I've got a 2004 gto ls1, it's been leaking coolant onto the ground. There is no coolant in the oil or signs of a bad head gasket. The leak pattern is more located on the passenger / front of the car. I took the metal scrape plate off to try and visually locate the leak but there was no obvious sign except multiple wet surfaces. From visual/feel inspection the hoses, reservoir, and thermostat are dry. I currently have my brother in law out renting a pressure tester. Any ideas at what the problem is as far as where the leak is springing from?


----------



## AZgoat (Jul 31, 2013)

I had a similar issue in my Corvette and it only happened when the car was hot.

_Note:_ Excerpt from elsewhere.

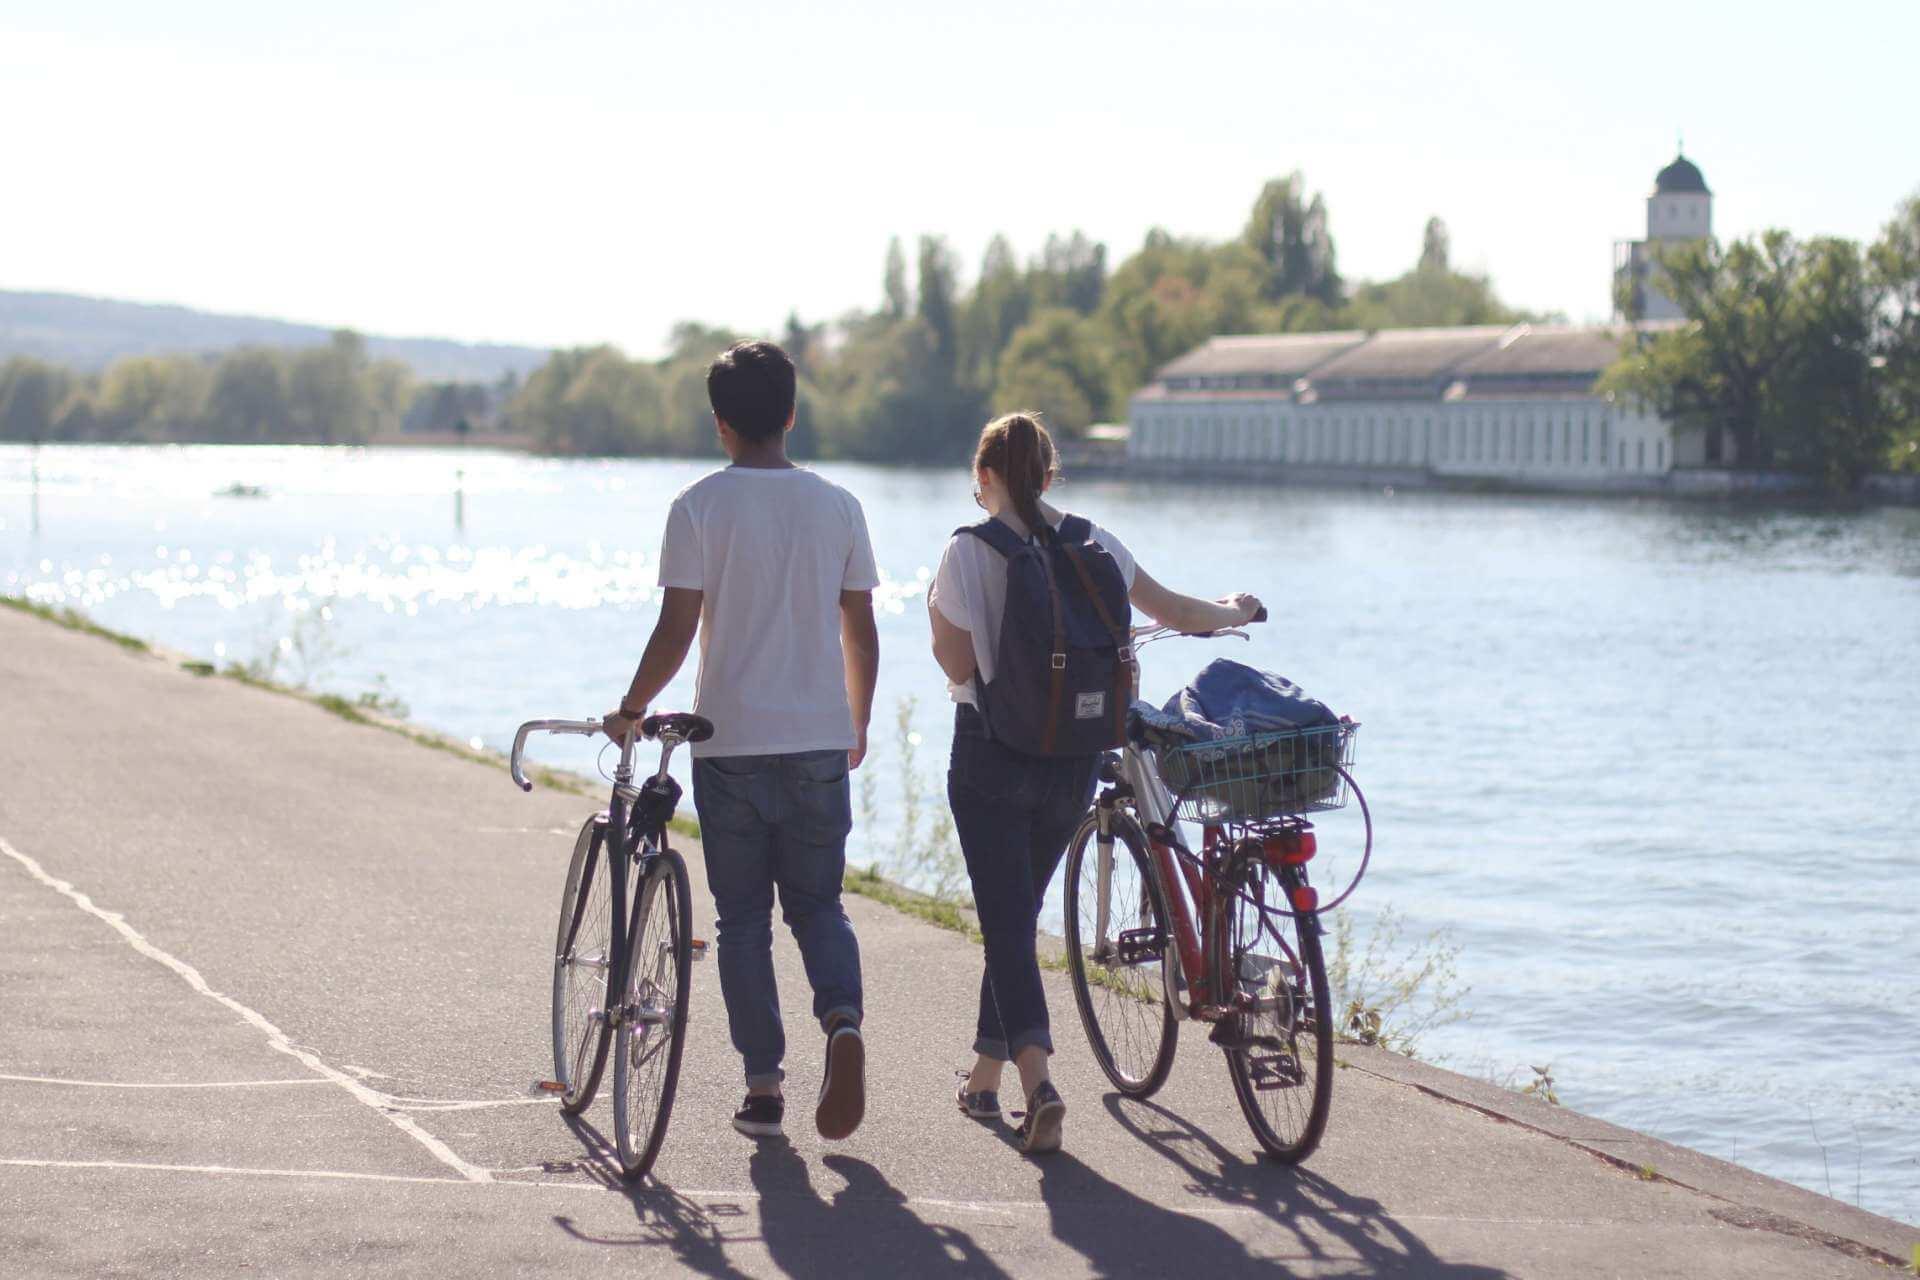 Freundin überraschen mit Ausflug Fahrradtour

Once it shut down the pin prick hole would leak and the hose was dry after wards but it there always seem to be a small puddle. Try getting the car up to operating temp, park and observe if u cant seem to find the leak easily.


----------



## blackhawk571 (Sep 28, 2013)

I had a similar problem with my 04 gto and it ended up being the waterpump seal.


----------



## Drifter3794 (Sep 27, 2013)

Pressure tested the system and it held pressure showing no leaks, would it be best to replace the water pump gasket before replacing the whole unit itself?


----------



## blackhawk571 (Sep 28, 2013)

Yeah I would go after the gaskets first.


----------



## blackhawk571 (Sep 28, 2013)

The gaskets are a horrible design. I used some high temp rtv on the front and back of the new seals when I put them on and I have had no leaks since


----------